Extraction Model Flow Diagram
Input: 256x256 RGB coastal satellite imagery is the input data.
-
These images get segmented into land and water binary images by the GAN (which consists of a 256x256 U-Net for the generator and a Patch-GAN for the discriminator, pix2pix-style).
-
Marching squares contouring algorithm is then used to delineate the land/water boundary.
-
The vector outputs from marching squares are then smoothed out using Chaikin's corner cutting algorithm (five refinements).
-
Filters:
- Recursive 3-sigma vertex filter: discard all shorelines that have mean vertices +/- 3*sigma vertices until no more shorelines can be discarded.
- Reference shoreline filter (and buffer radius), all features that lie outside of the buffer radius of the reference shoreline are discarded.
- Reference region filter, all shorelines that are not contained within the reference region are discarded.
Output: Timestamped vector shorelines
Current Shoreline Extraction Training Data Domain
Training data outlined in black in each image. Annotation pairs consist of an RGB image and a segmented land/water binary image.
Currently, training data encompasses Delmarva, New Jersey Shore, and Long Island (all USA), as well as a section of coast in northern Tuscany, Italy.
I aimed to cover most of the mid-Atlantic and then added the Tuscany section during my time working at the University of Pisa in Pisa, Italy.
Viriginia Beach and the Outer Banks of North Carolina will be added to the model training data domain later this spring.
Great Lakes data will be added hopefully this summer.
If you have any training data I could use (and possibly in-situ comparison data), feel free to reach out (mlundine@udel.edu).
Augmentations can help increase the variability in the annotation dataset. Augmentations included vertical flip, horizontal flip, 90 degree CW rotation, 90 degree CCW rotation, and combined vertical and horizontal flip. These augmentations were chosen to show the model more spatial configurations of beaches.
Total set of labeled images was 128,012. Split was 80% training, 10% validation, and 10% testing.
- Training images are used to calculate training loss throughout training. During model training, the aim is to update the model's parameters to minimize the training loss.

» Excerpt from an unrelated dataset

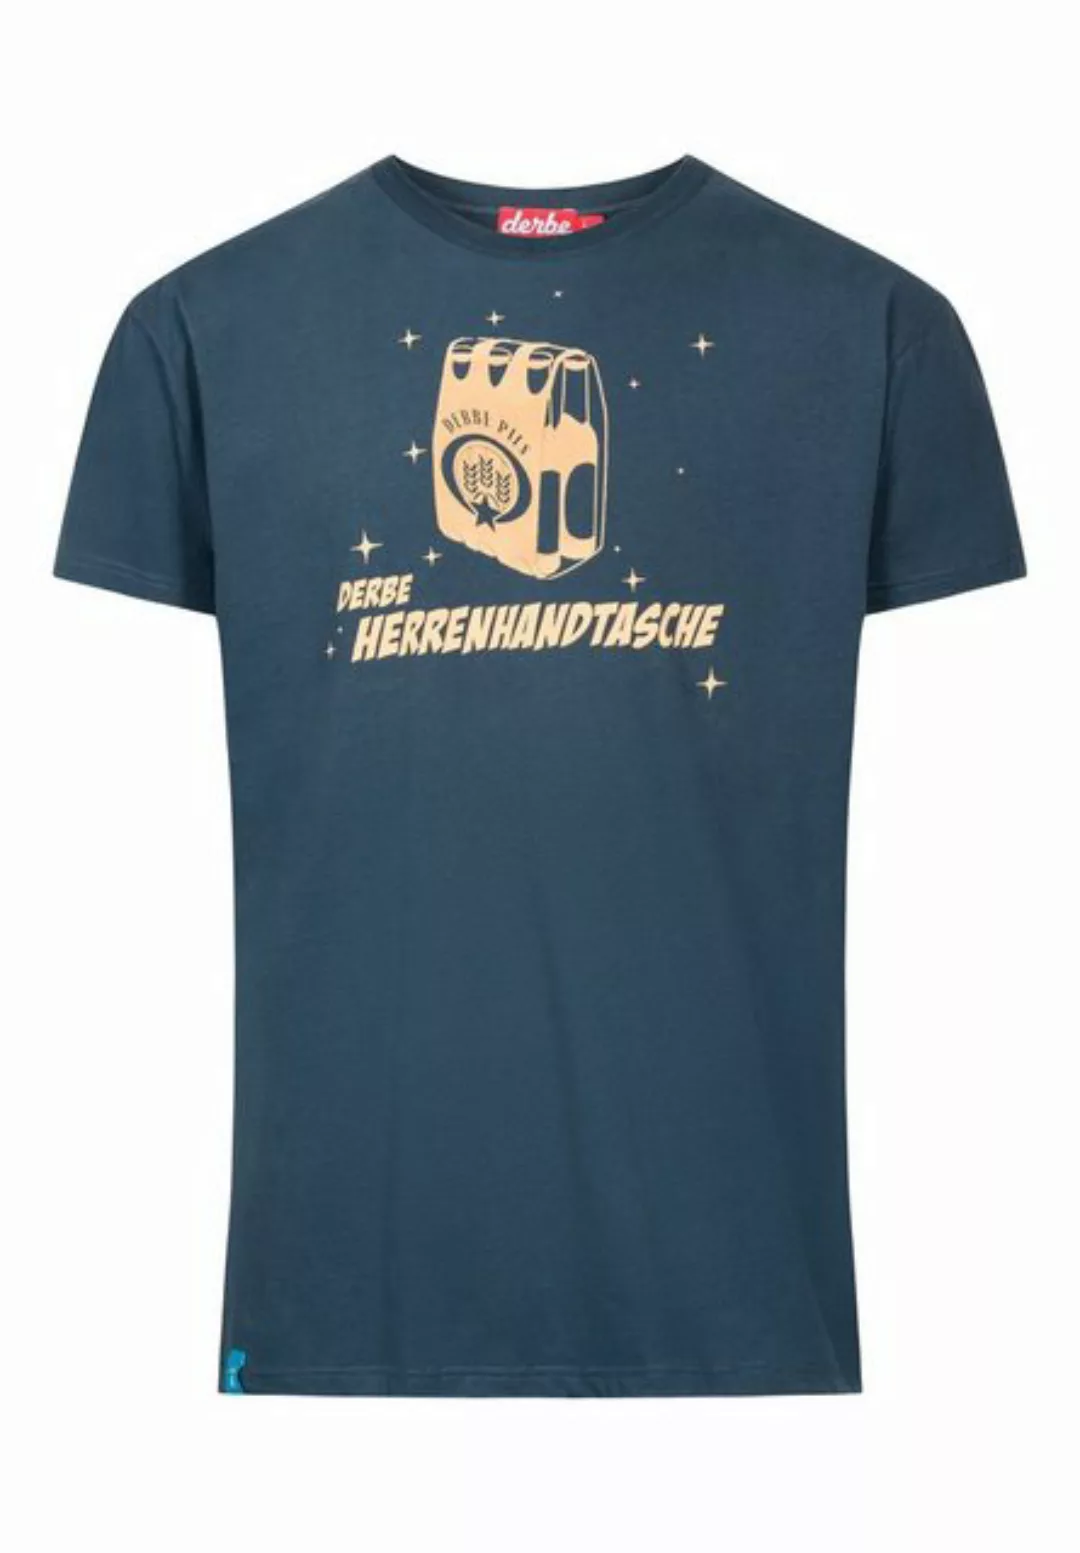 Derbe T-Shirt T-Shirt Herrenhandtasche günstig online kaufen

- Validation images are used to independently assess the model's error throughout the training procedure. These are not shown to the model during training nor are they used to update model weights.
- Testing images are used to indepently assess the final chosen model. These are not shown to the model during training nor are they used to update model weights.
GAN Training Details
- Generator: 256x256 U-Net
- Discriminator: PatchGAN
- GPU: NVIDIA GeForce GTX 1650 (4GB memory)
- Learning Rate: 0.000002 for first 10 epochs, linearly decay to zero final five epochs.
- Optimizer: Adam
- Loss functions
- Generator:
- a binary cross entropy loss of the generated images and an array of ones
- a L1 loss between the generated and target image
- Discriminator:
- the “real” loss which is a binary cross entropy loss between the target images and an array of ones
- the “fake” loss which is a binary cross entropy loss between the generated images and an array of zeros
- Generator:
GAN Dice Scores
Quantifying the segmentation accuracy over training epochs. Perfect segmentation would be a Dice Score of 1.0.
Final model run on the test dataset.
Test Dataset Examples
Manually Delineated Vs. Shoreline Extraction Model
This is showing how the deviation in shoreline position between the extracted shorelines and manually delineated shorelines improves through model training on both the training and validation images.
This is a box plot of the deviations for the testing images, with shorelines extracted with the final model (epoch 15).
Here is how the deviations compare from the four separate satellites in box plot form. Landsat 7 has greater variance mainly due to artifacts in Landsat 7 imagery due to the scan-line corrector failure in 2003.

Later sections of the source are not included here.